Three hundred overseas-qualified teachers will be able to come to New Zealand under a new class border exception, the country’s education minister Chris Hipkins has announced.
“While the overall outlook for domestic teacher supply remains positive, I know that Early Childhood Education (ECE) services and schools continue to find certain locations and subjects difficult to recruit for,” the minister said.
“This will give principals and services additional support – especially for 2022 recruitment – and complement existing teacher supply initiatives.”
According to the New Zealand Ministry of Education, it will work with the education sector to ensure that ECE services and schools with the greatest recruitment needs get priority. It will thus invite applications for these teachers from September.
“Teachers who were already employed in New Zealand, but who left the country and were unable to return to their job due to the border closure may also be eligible,” Hipkins noted.
He added that a separate family reunification border exception is being created for the partners and dependent children of teachers who are already in the country on temporary visas.
“A lot of families were separated when border restrictions were put in place to protect New Zealand from Covid-19 and we know this has been hard for them.

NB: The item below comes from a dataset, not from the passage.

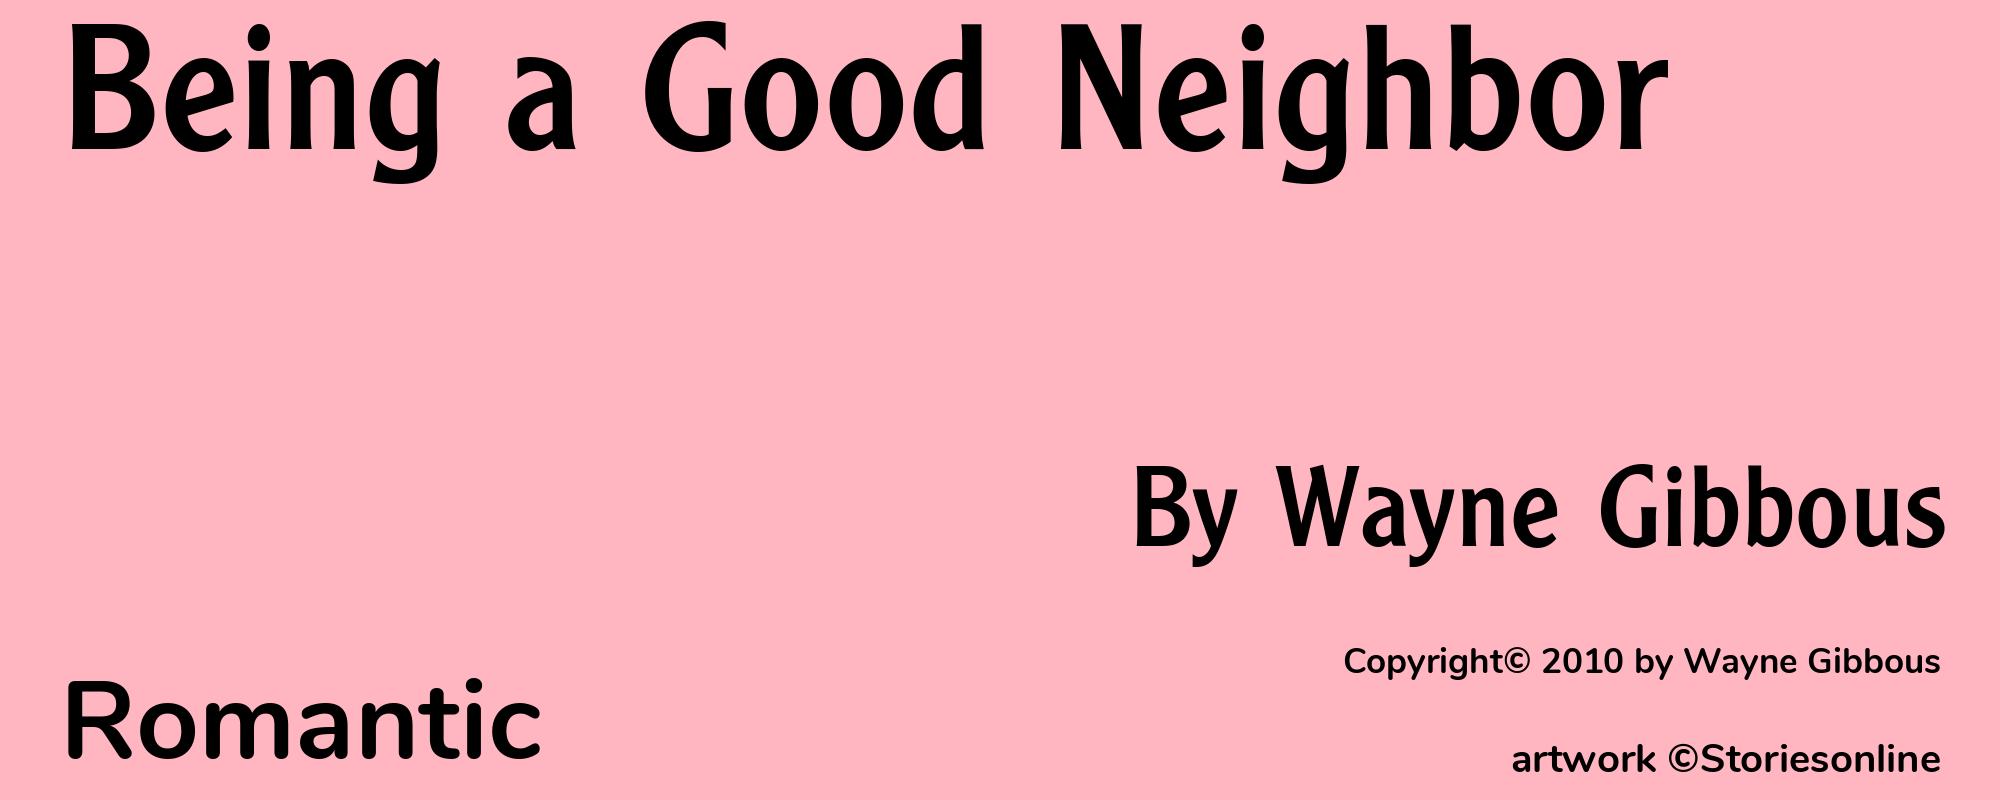 Being a Good Neighbor - Cover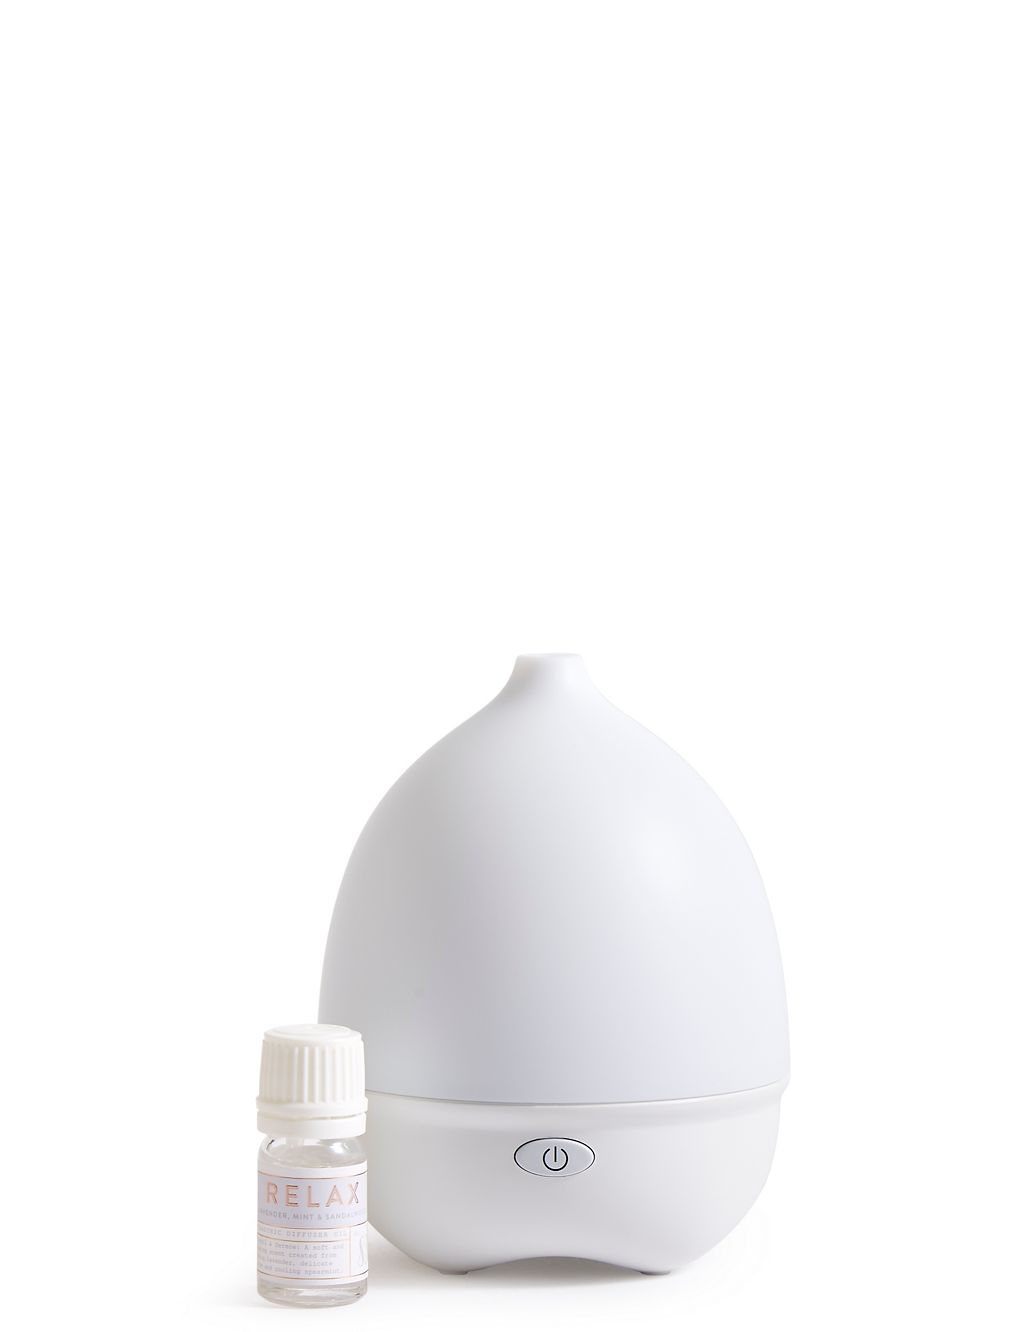 Relax Ultrasonic Diffuser Set 2 of 2

We’re pleased we’re at last able to reunite teachers with their families,” Hipkins said.
Teachers already in New Zealand will be able to request to bring in their partners and dependent children for the duration of their visa.
In February this year, Radio New Zealand reported a warning from Auckland school principals that the city’s ongoing shortage of secondary teachers was causing schools to make compromises or abandon some subjects altogether.
Secondary Principals’ Association President, Deidre Shea, who is Principal of Auckland’s Onehunga High School, said schools were already using unusual measures to cope with the shortage this year.
“We can usually attract somebody either who had perhaps retired, or into teaching a subject that isn’t their specialty normally … that kind of thing to cover the shortfall. That’s the sort of thing you can do for a fixed period of time,” she told Radio New Zealand.
Shea added that such solutions were short-term, and things were likely to get worse when the borders reopened, allowing New Zealand teachers to go overseas and foreign students to return.